И хоть он был раздражительным, нервным, но и жизнерадостным тоже был. Зимой и осенью ходил в одном и том же демисезонном пальто и голову не накрывал. В особые уже холода, в метель, брал шапку в руку и так шел, запорошенный снегом, и лишь изредка подносил руку в перчатке к ушам — не тер, а прикладывал, слегка склоняя голову. И короткий воротник на своем пальто никогда не поднимал, как бы ни сыпал снег. Пальто у него было старое, изменившее свой первоначальный цвет и вид, но по-прежнему аккуратное, и вся его одежда — и брюки, и два костюма, и рубашки, и косоворотки — были старыми, штопаными, но аккуратными. Стоило посмотреть, как он снимает запорошенное снегом пальто, выворачивает его особым образом и встряхивает, отказываясь от веника, который выносят хозяева — под веником снег тает, и пальто отсыревает, — чтобы почувствовать, как умело и аккуратно Семен Николаевич обращается с вещами.

Лет с тринадцати он работал мальчиком в магазине и до сих пор умел необыкновенно хорошо сворачивать бумажные пакеты. Каждое воскресенье он приносил Антонине Николаевне на стирку свои рубашки и забирал постиранное. Рубашки сворачивал сам, делал из них удивительные конверты, а затем эти конверты заворачивал в бумагу — и сверток получался идеальным.

И туфли свои носил очень долго. Даже парусиновые белые не менял по несколько сезонов. Не сбивал каблуки, не стирал подошвы.

Чистил их два раза в день.

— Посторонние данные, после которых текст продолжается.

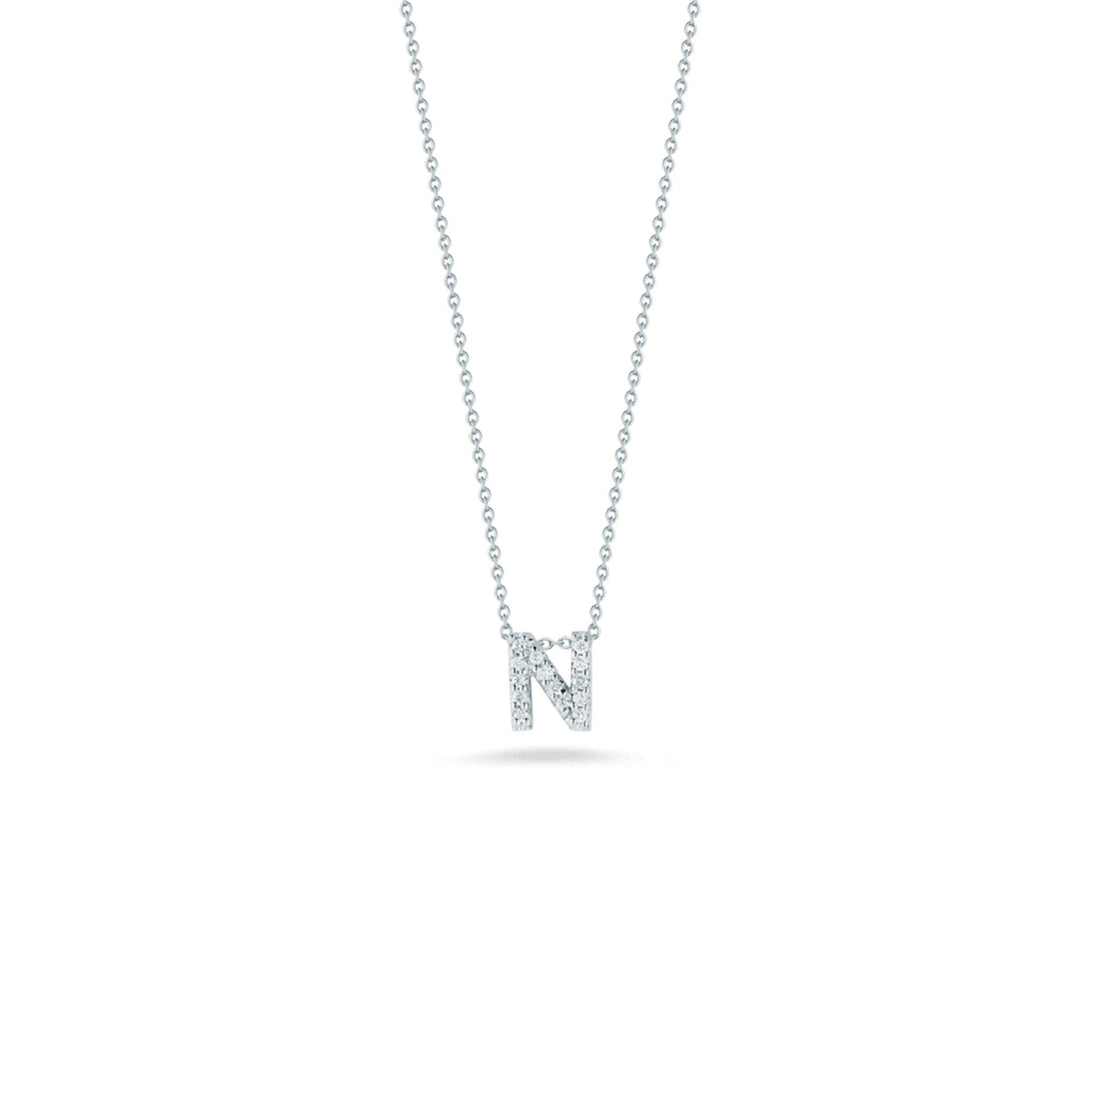 Roberto Coin Diamond Initial Pendant Necklace - Tiny Treasures Collection n

Когда шел к Антонине Николаевне и когда уходил от нее. Вернее, за час до того, как собирался уйти, потому что туфли мокрели, становились серыми и нужно было время, чтобы они просохли.

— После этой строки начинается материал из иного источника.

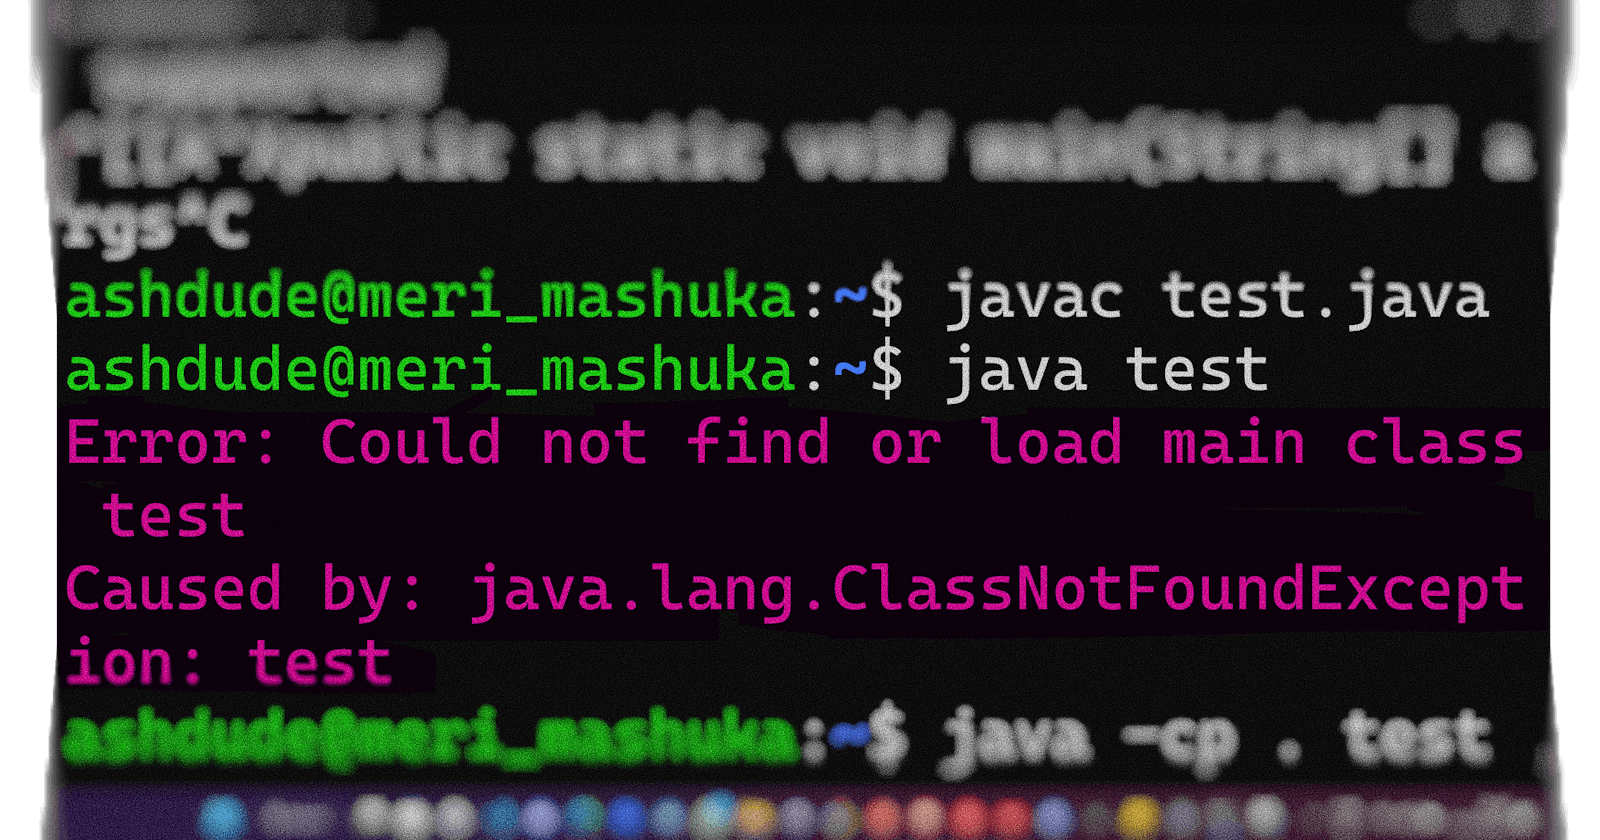 Troubleshooting the "Error: Could not find or load main class" in Java - A Step-by-Step Guide

И хотя его аккуратность в семье считали нудноватой, но и уважали его за эту аккуратность: холостой мужчина, так тщательно следящий за собой! И не отказывали, когда он просил сестер что-то ему почистить или постирать. Он и не просил ничего чрезмерного — так, рубашки, которые жаль отдавать в прачечную, чтобы не испортили. А паркетные полы у себя в комнате натирал сам.

* * *

22 июня 1941 года семья собралась к столу без молодых: Валентина еще утром ушла из дому с Вовкой, Женя уехал на завод. Ждали Мику Слатина, но и он не явился. Семен Николаевич надеялся, что Мика что-то расскажет. Может, все еще прояснится, и окажется, что это не война, а просто очередная грандиозная провокация.

Ефим расхаживал по комнате, на лицо его невыносимо было смотреть: такое хищное и презрительное выражение появлялось у него, когда Семен Николаевич рассуждал о возможности большой провокации.

Сбылись самые худшие прогнозы Ефима, но и сейчас он со своей желчностью был один в семье. Антонина Николаевна, Анатолий с большим вниманием прислушивались к тому, что говорил Семен Николаевич.